Tickets and labels abound, and a microscope sits on a desk next to various material samples.
From Rabbi Yosef Sayagh’s office, where he checks Lakewood’s garments for shatnez, the veteran shatnez tester shares insight into the details and frequent problems that can come up in the clothing we wear.
The original checker
Rabbi Sayagh, who has been involved in this mitzvah for over three decades, recalls a time when the shatnez scene in the United States was drastically different from the way it is today.
“About 30 years ago, I saw a sign advertising a shatnez checking course with Rabbi Yoel Shochet, and I signed up for it,” he says. “It was at stage in my life where I was interested in learning about a lot of different things. I had a desire to learn everything. So I took courses on safrus, another on kashrus, and a third on teaching—all during the same year that I took the course on shatnez.”
So why did he stick with shatnez?
“Rabbi Yoel Shochet, whose course I took, was the main tester at the time, and when he left to Eretz Yisrael, there was no one in Lakewood to check clothes for shatnez.”
Rabbi Sayagh stepped in to fill the void. Within six months of his own training, he started training others.
“Before Rabbi Shochet started offering his courses, there was only one person in the US who was doing the checking—a Mr. Joseph Rosenberger from Williamsburg—Mike Tress had sponsored his education—and he was really an expert on the topic.”
Mr. Rosenberger had gone to many different colleges to learn fiber identification. “He was very afraid that people would not test properly for shatnez,” Rabbi Sayagh explains. To avoid this scenario, he set up a sample-taking system. He trained people how to take samples and send them to him.
“Another innovation Mr. Rosenberger developed was a solution that served as a shatnez checker. A person could pour the solution onto the fabric, and the color would change. Depending on the colors, one would know if it was shatnez.”
While this setup prevented many problems, it also created others.
The shatnez checkers at the time were not really trained to check for shatnez, and all samples were sent to Mr. Rosenberger. This created a limit on the number of samples that could be sent, and it was possible that shatnez was hiding in other places in the garment that had not been checked.

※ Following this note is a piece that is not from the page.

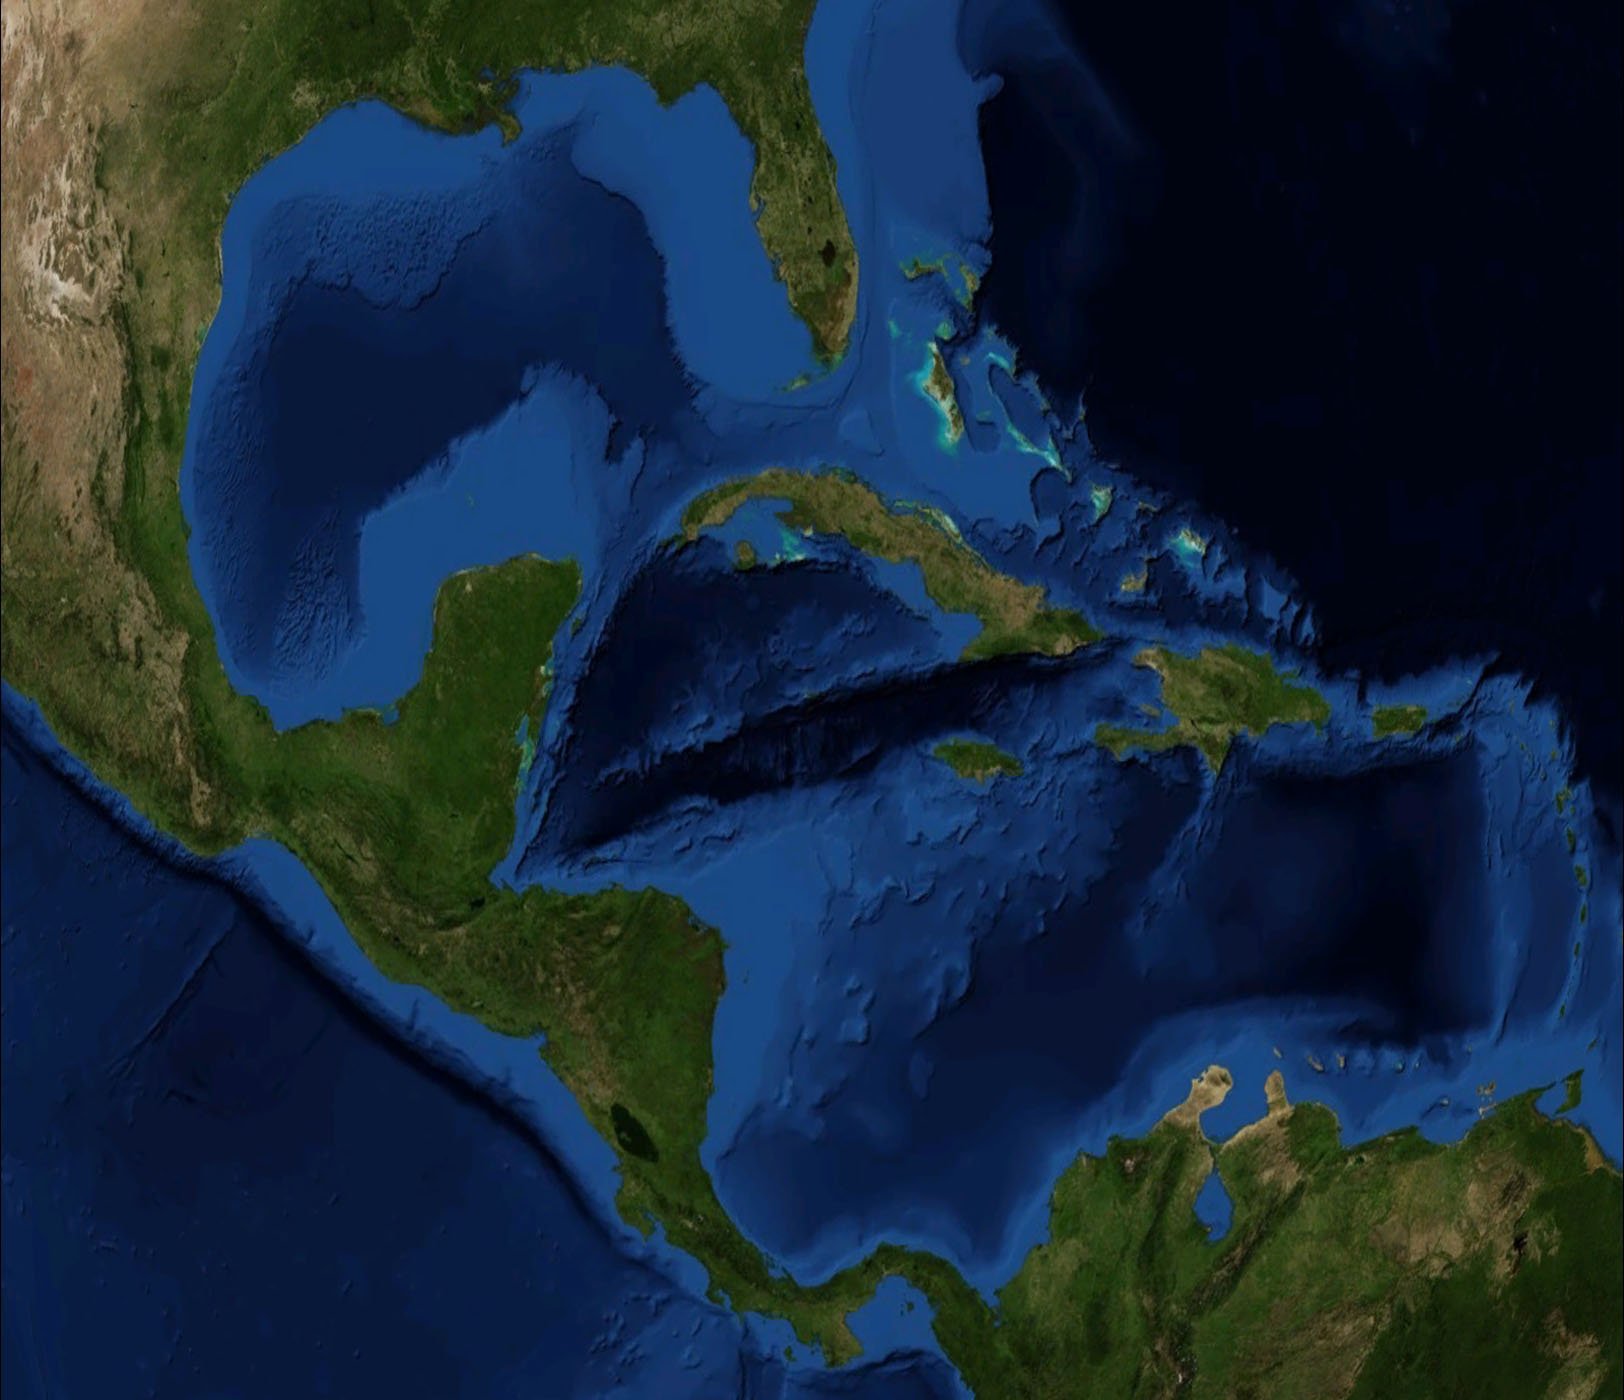 C. America & the Caribbean

Rabbi Shochet was originally trained as a sample taker, but he then went to Eretz Yisrael and took a full course by Rav Akiva Shishah. Once he received his certificate in 1979, he started to give courses in America. He retrained sample takers and gave courses to people who were new to the field.
The problem was that most of those he trained lived in out-of-town communities, and there was no one to do it Lakewood.
“After I finished my training, I helped Rabbi Shochet set up shatnez laboratories all over the world. Over the years, as both demand and awareness grew, I trained more people in the process. Today, especially since there are constantly new developments and new updates in the clothing world, I spend much of my day answering questions,” Rabbi Sayagh says.
The checking confusion
For some people, every time they buy new clothing, a good portion of it gets deposited by the shatnez checker. Others visit maybe once a year, when they buy a new coat. And then there are those who don’t even have Rabbi Sayagh’s address.
What are the guidelines? Which items of clothing really need to be checked?
We all know the basic halachah: we are forbidden to mix wool and linen. But how does that play out practically?
Rabbi Sayagh gives clear instructions: “The basic rule is that any garment containing any wool or any linen should be checked.”
In theory, that means that a garment whose tag proclaims it is 100 percent polyester should have a clean pass, but it’s not that simple.
“Legally, clothing manufacturers are only required to list the components of the actual garment on the label. That means that anything extra, like a trimming, could potentially be problematic.”
Such as in the case of an innocent baby hat that Rabbi Sayagh came across several weeks ago. “The actual hat was not a problem, but the pompom on top was made of wool and was attached with a linen thread.” The label gave no indication of this issue.
Piping is another problem. It may contain reprocessed threads or pure linen threads, and it is not listed on the content label.
Additionally, a jacket may proclaim itself to be 100 percent wool, but the inner compartments may be made of linen. “Jackets and blazers should always be checked even if they are polyester, because the inner components often contain wool.”
Most types of shatnez can be easily removed, but occasionally, a garment will be so full of it, it’s impossible to use. “Linen jackets can be extremely problematic. I just removed the entire inside of a jacket because it was reinforced with wool and linen, but most people would just return the outfit.”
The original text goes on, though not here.